Art History for Filmmakers Bloomsbury Press 2016

Films are stories; filmmaking is storytelling. Storytelling is one of the oldest human activities. In the era of human history before written language, human storytelling was represented visually. From the cave paintings of Europe to the rock carvings of South America, visual narratives that tell stories proliferated. Filmmaking is simply one of the most recent manifestations of the human desire to tell stories. Filmmaking seems to have solved the ancient problem of bringing together visual representation, traditionally done through art forms such as painting, and time-based representation, traditionally done through art forms such as reciting or reading the written word.
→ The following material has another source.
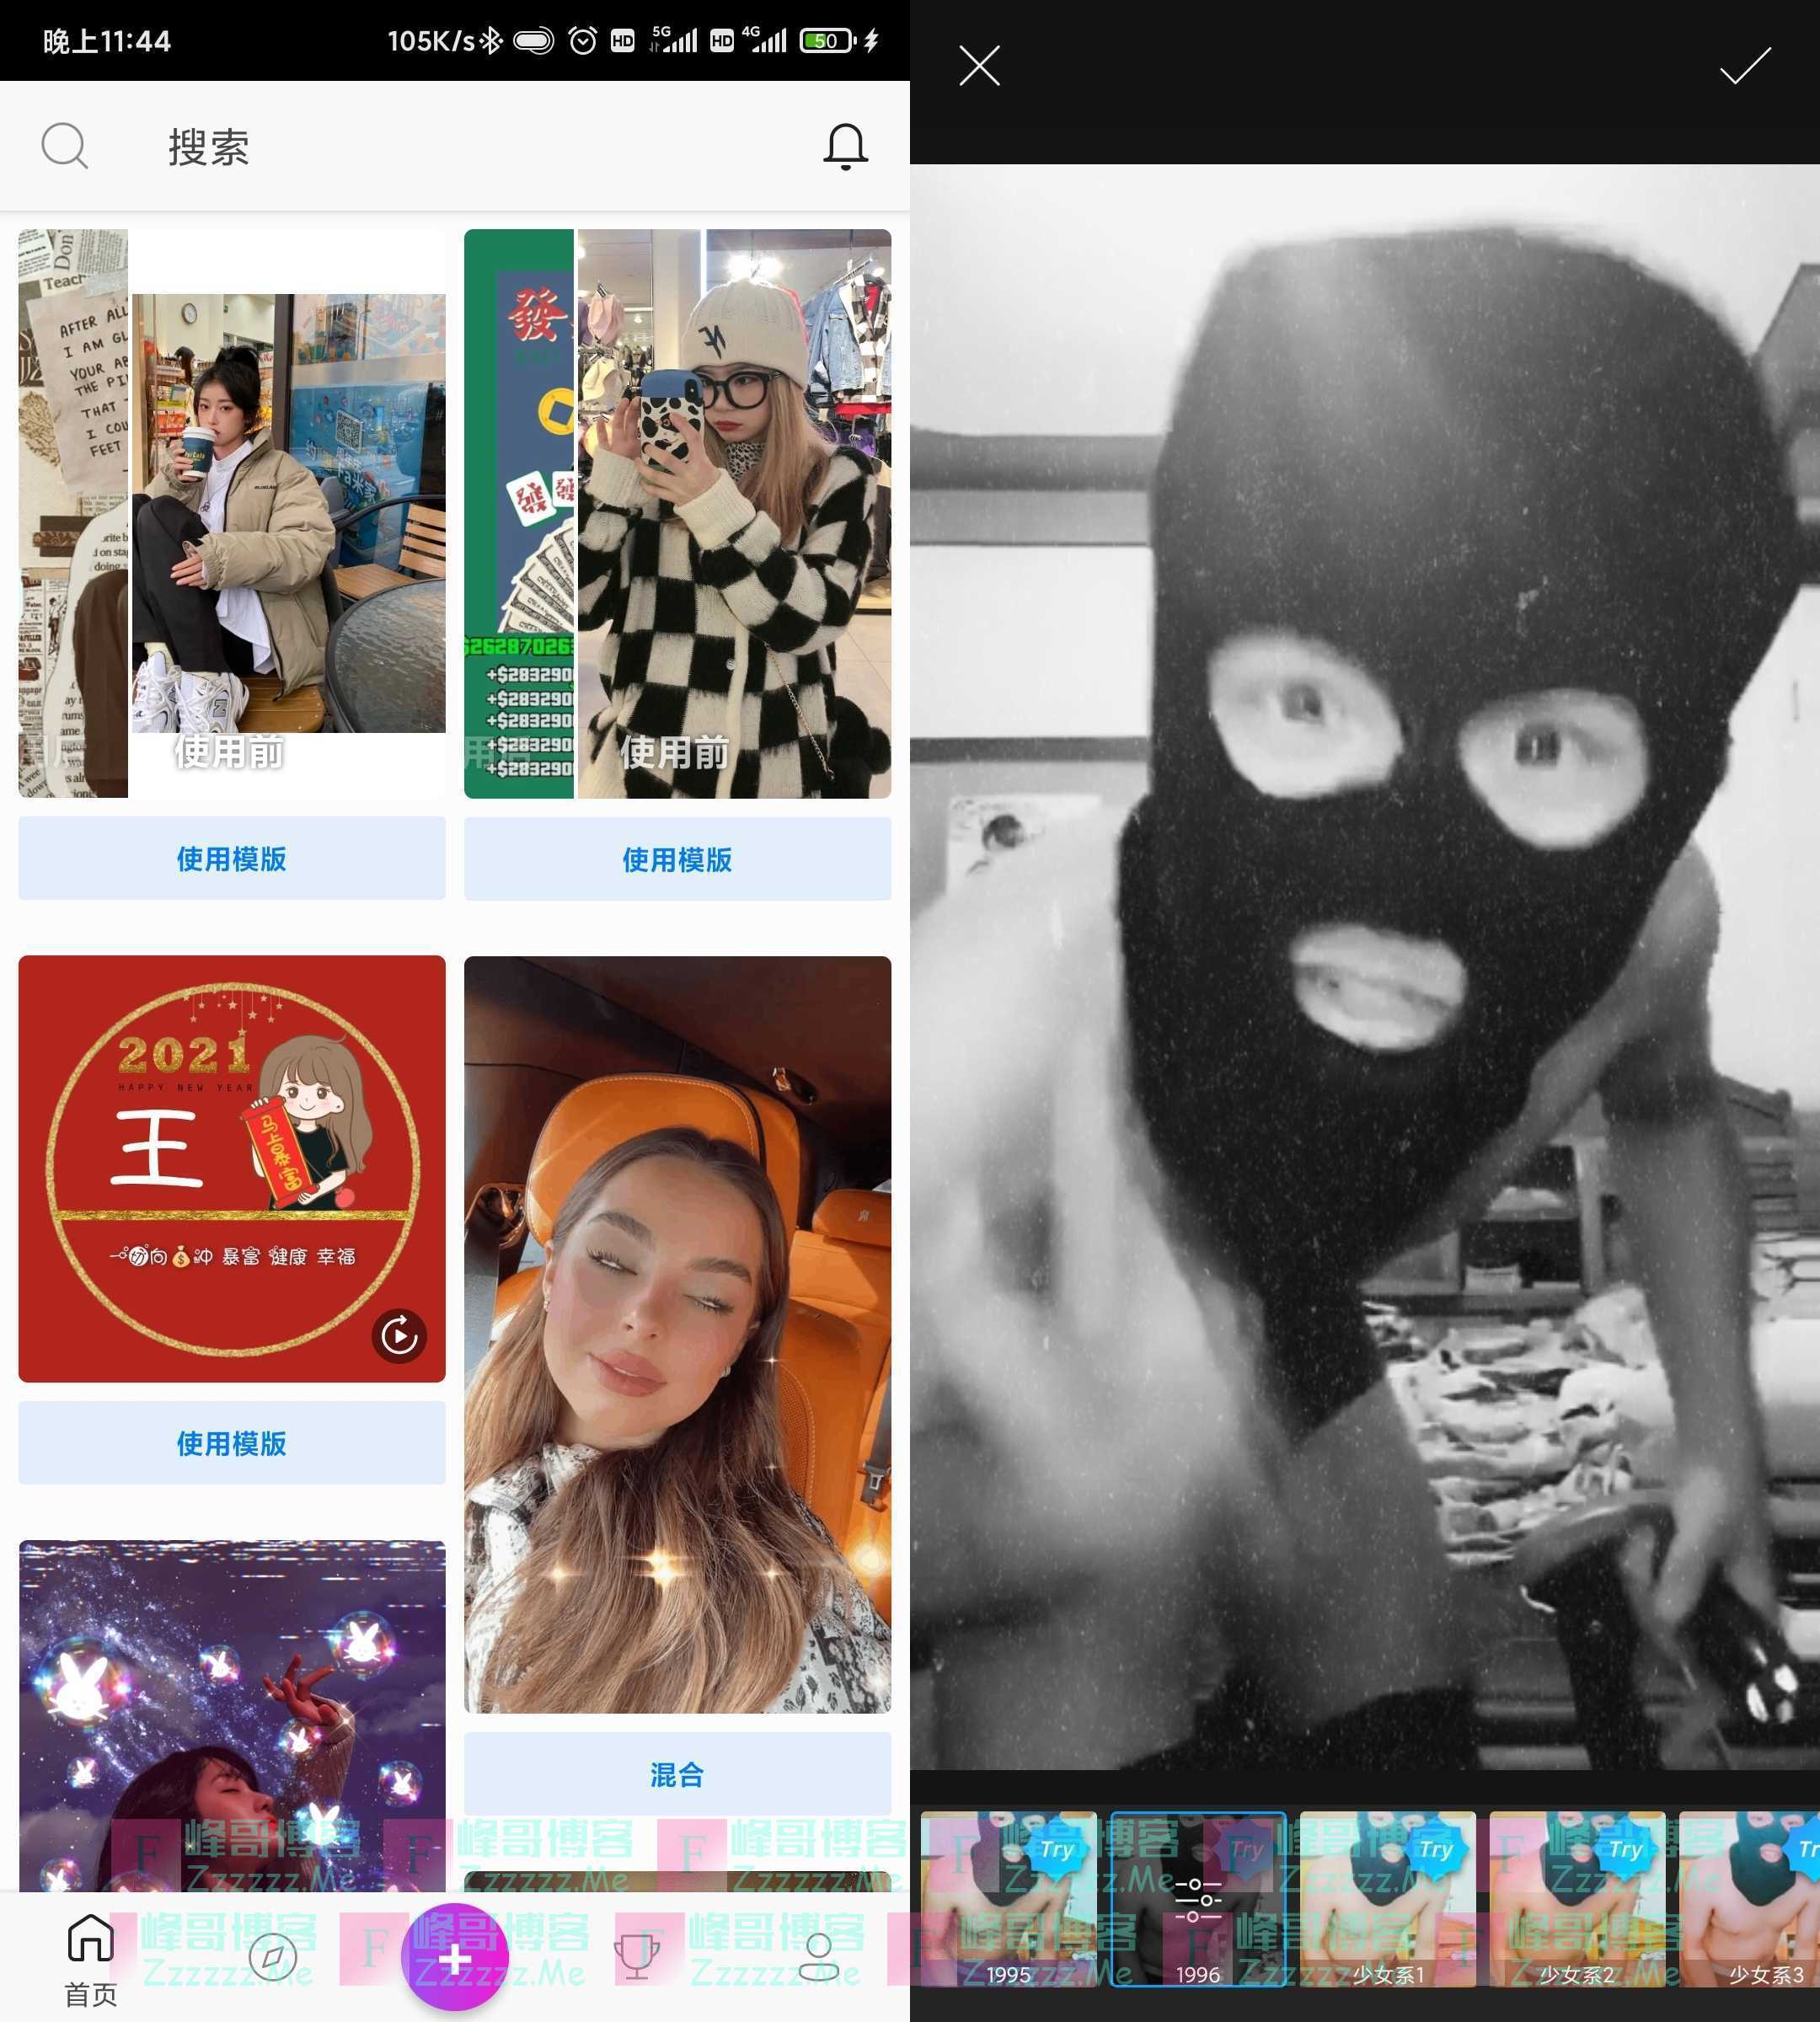 安卓PicsArt美易照片编辑V16.4.53 PicsArt照片编辑VIP破解版下载

Cinema allows stories to be told visually over time. Although this may be seen as an innovation, it actually is something that we humans appear to have wanted to do for a long time.

“On stone, on wood, on canvas, on film,
electronically . . . the idea is what never
changes.”
—Vittorio Storaro, cinematographer

Philosopher and theorist Roland Barthes said that the world’s stories are innumerable, and that “the story exists at all times, in all places, in all societies. Storytelling starts with human history itself.”1 Barthes concluded that storytelling is “just there.” It is a part of life. Different types of research, such as anthropological research by Claude Levi-Strauss and psychological research by Carl Jung, showed that there are not only many different stories, but within those stories there are patterns or structures that recur beyond the individual control of the storyteller.
More recently, the art historian Ernst Gombrich proposed that one of the things that has made Greek art so enduring and successful is the way it is rooted in Greek storytelling. It is true that the popularity of stories such as the Iliad and the Odyssey had a profound impact on the development of the visual arts. Greeks put stories on their household objects, such as vases and dishes. Greek theater boasted elaborate masks and painted scenic design. But we can go back even earlier: if we look at the Egyptian pottery used by ordinary households, far away from the official art of the Pharaohs, we can see that painted images from myths and proverbs were part of everyday life.

If stories have been with us since our earliest times, as Barthes claims, then so has visual art; and more often than not, they have gone together. Storytelling is so pervasive that it appears to be hardwired into our whole way of understanding ourselves and one another. For millennia, important cultural stories were kept in the heads of storytellers, as knowledge was passed down from generation to generation. We call this oral culture. However, we can see that before written language, early human societies developed the means of visual storytelling. Whether it is the remarkable cave paintings in Lascaux or the petroglyphs in southern Egypt, we see images painted on walls or carved into rocks, and these images are organized in such a way that they tell stories. The first formally constructed narratives that we can read, because they relate to or accompany a written text, come from Mesopotamia and Egypt. The Book of the Dead explains what the belief systems were for the ancient Egyptians, and many other texts provide further examples of Egyptian mythology. But it’s when we actually look at the papyrus drawings, the temple friezes, and the tomb murals of ancient Egypt that these stories of death and rebirth really come to life.